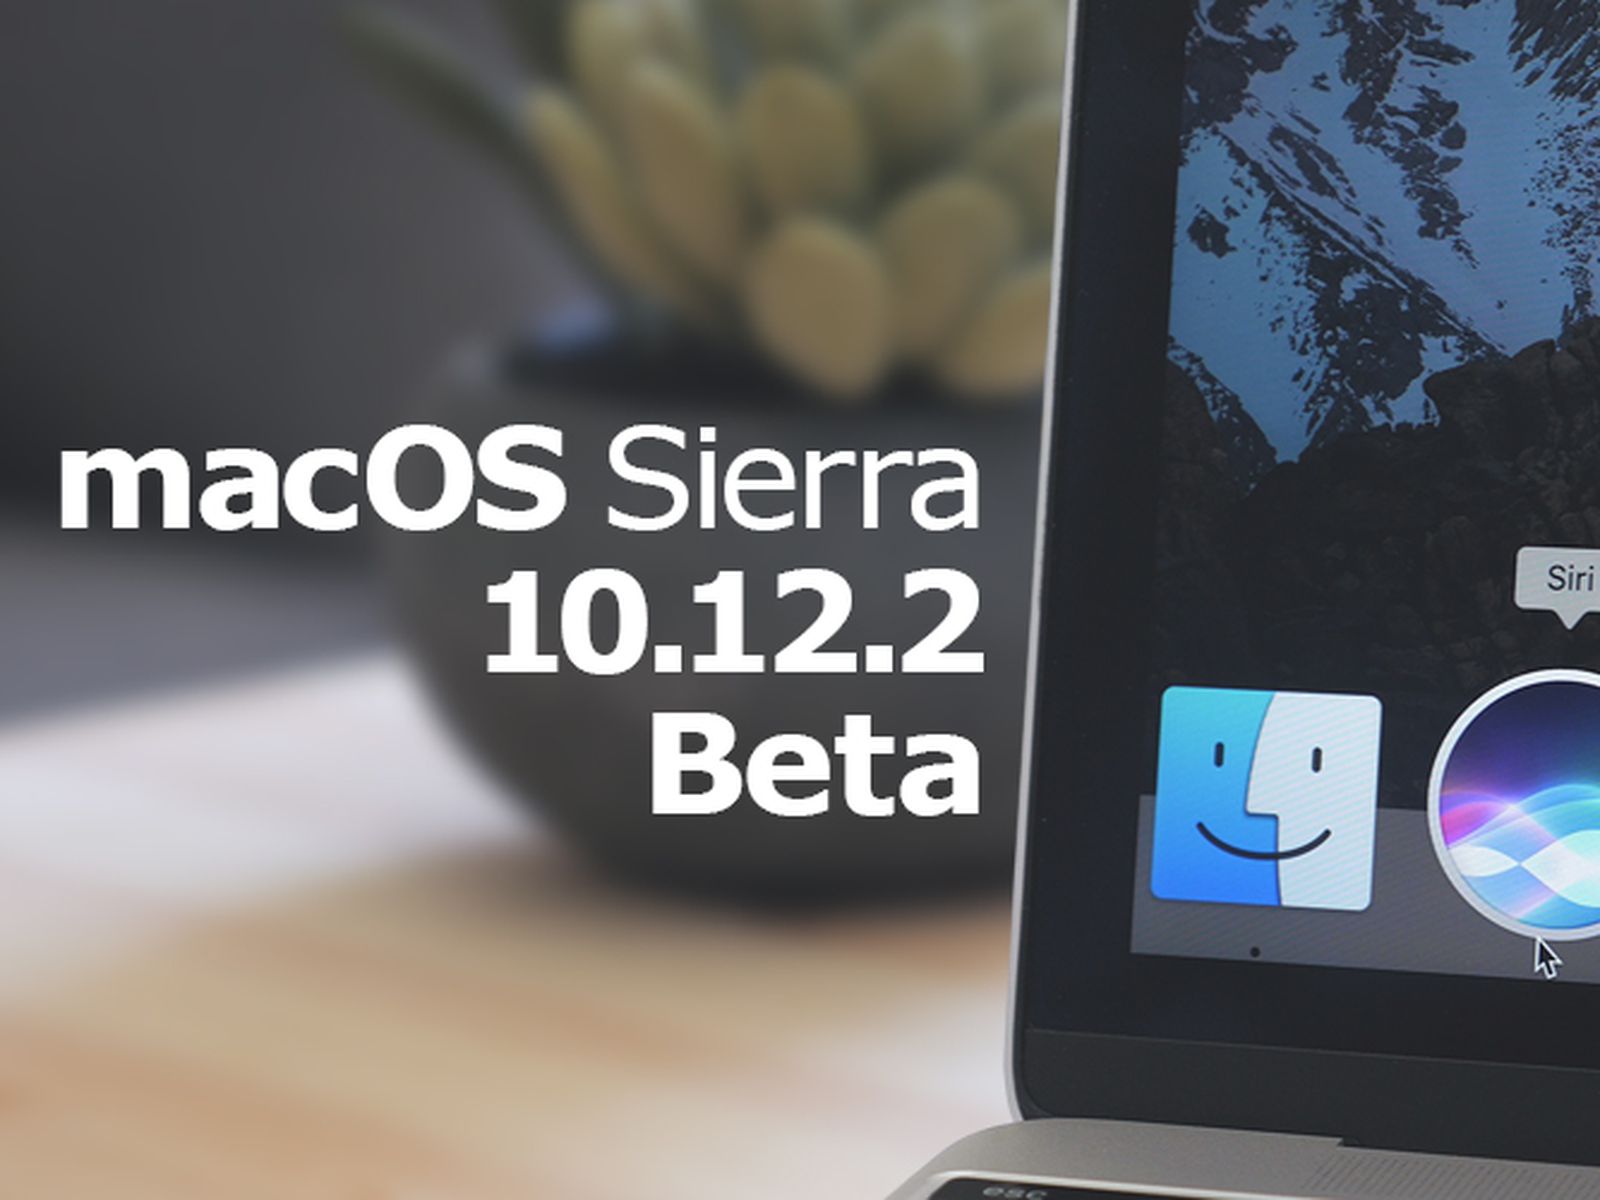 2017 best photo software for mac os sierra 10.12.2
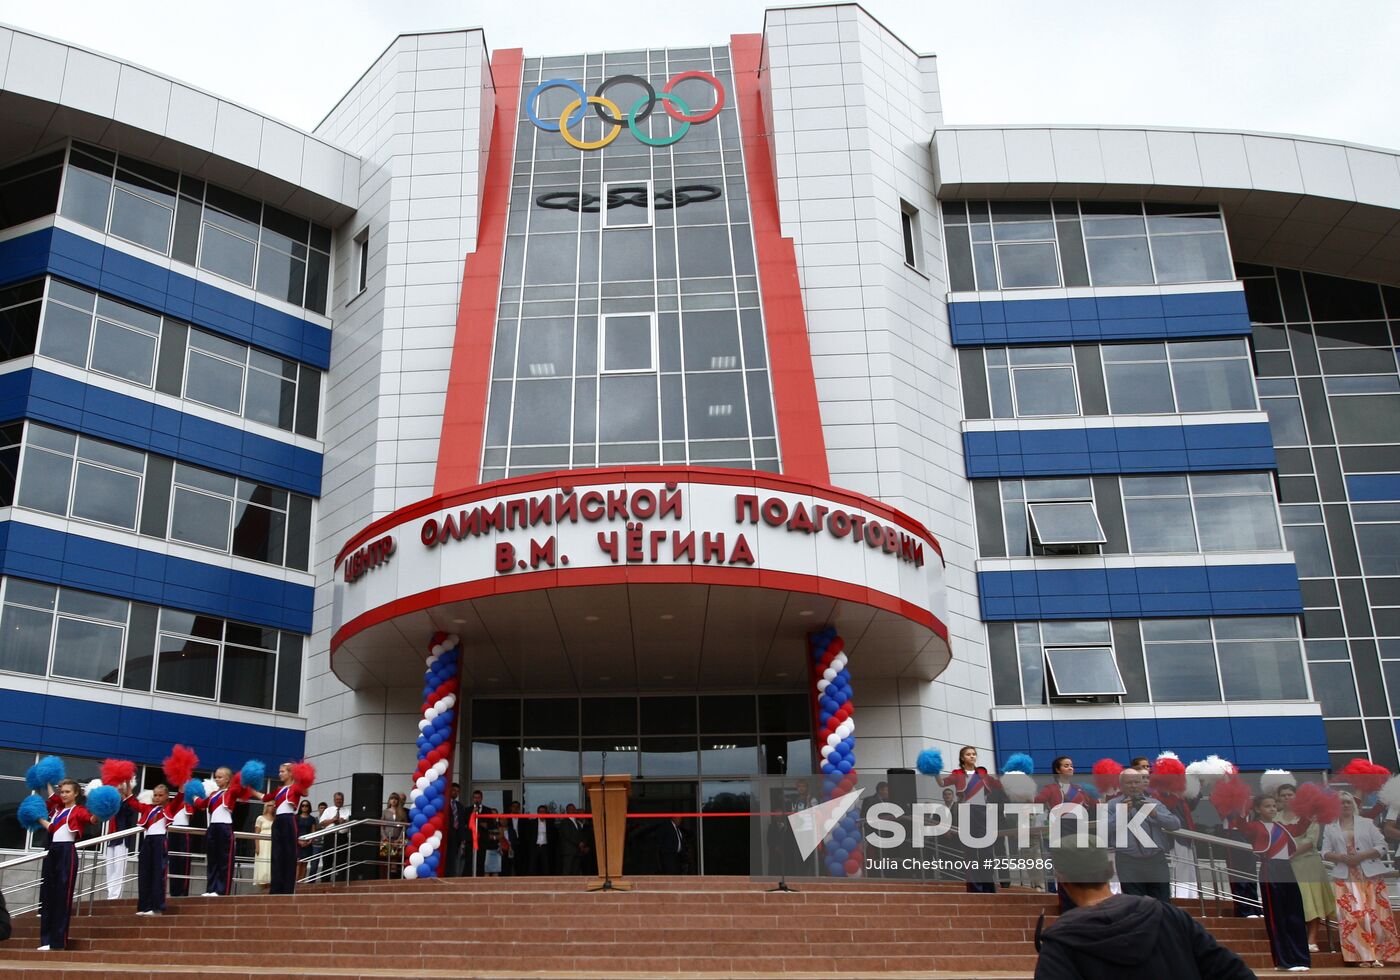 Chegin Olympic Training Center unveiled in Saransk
==
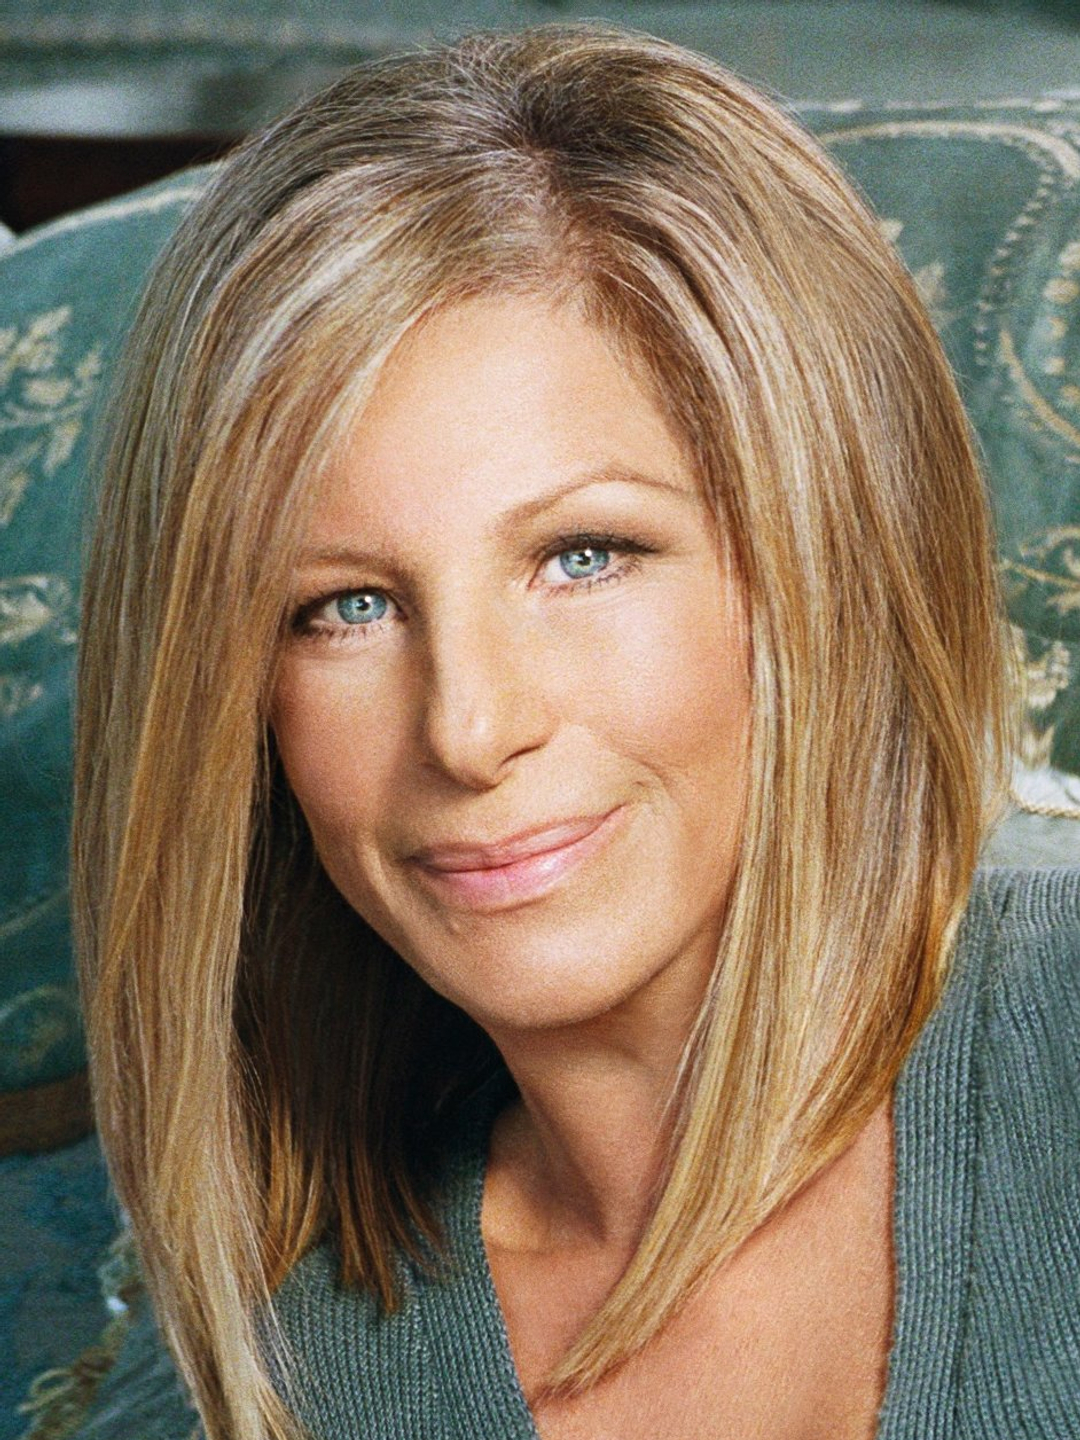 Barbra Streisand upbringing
---
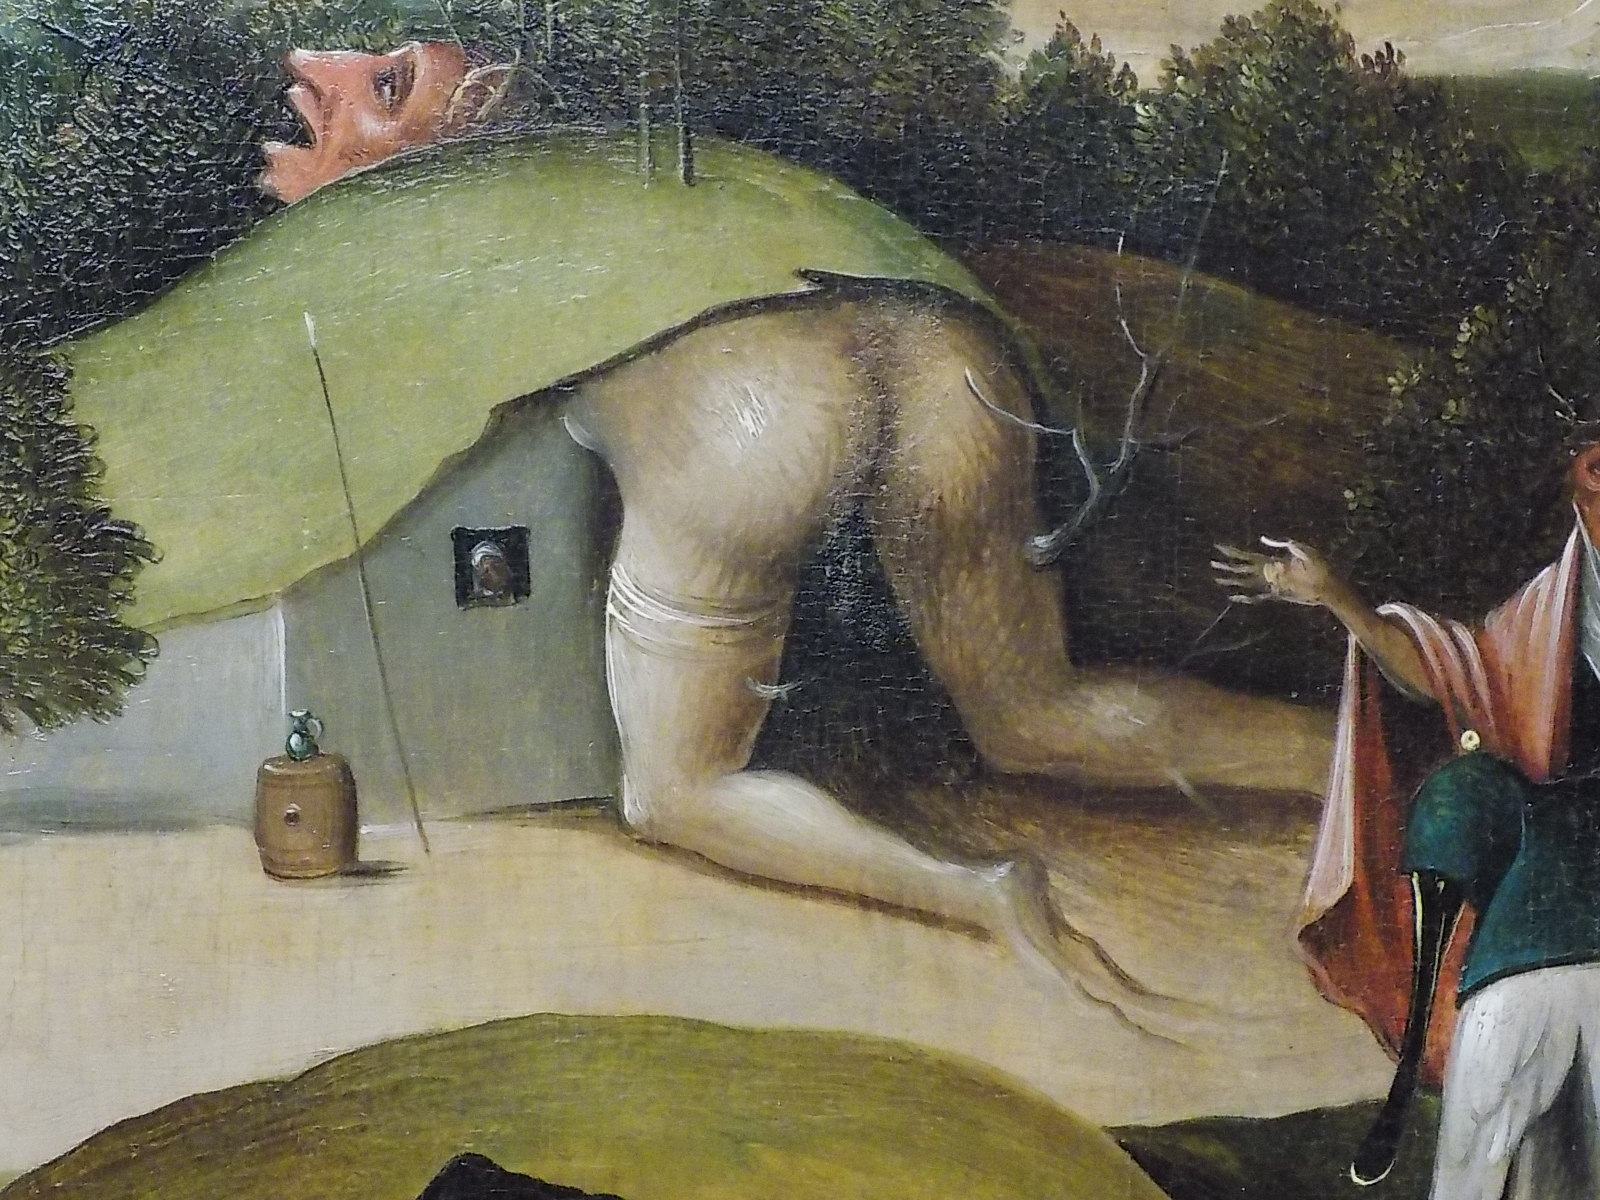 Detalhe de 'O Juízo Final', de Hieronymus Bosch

**What the exercise asks:** Set down again, exactly, every line above from the one with "2017 best photo" down to the one with "Chegin Olympic Training", both ends included. No pictures, and nothing else.

**Exercise answer:**
 2017 best photo software for mac os sierra 10.12.2
 Chegin Olympic Training Center unveiled in Saransk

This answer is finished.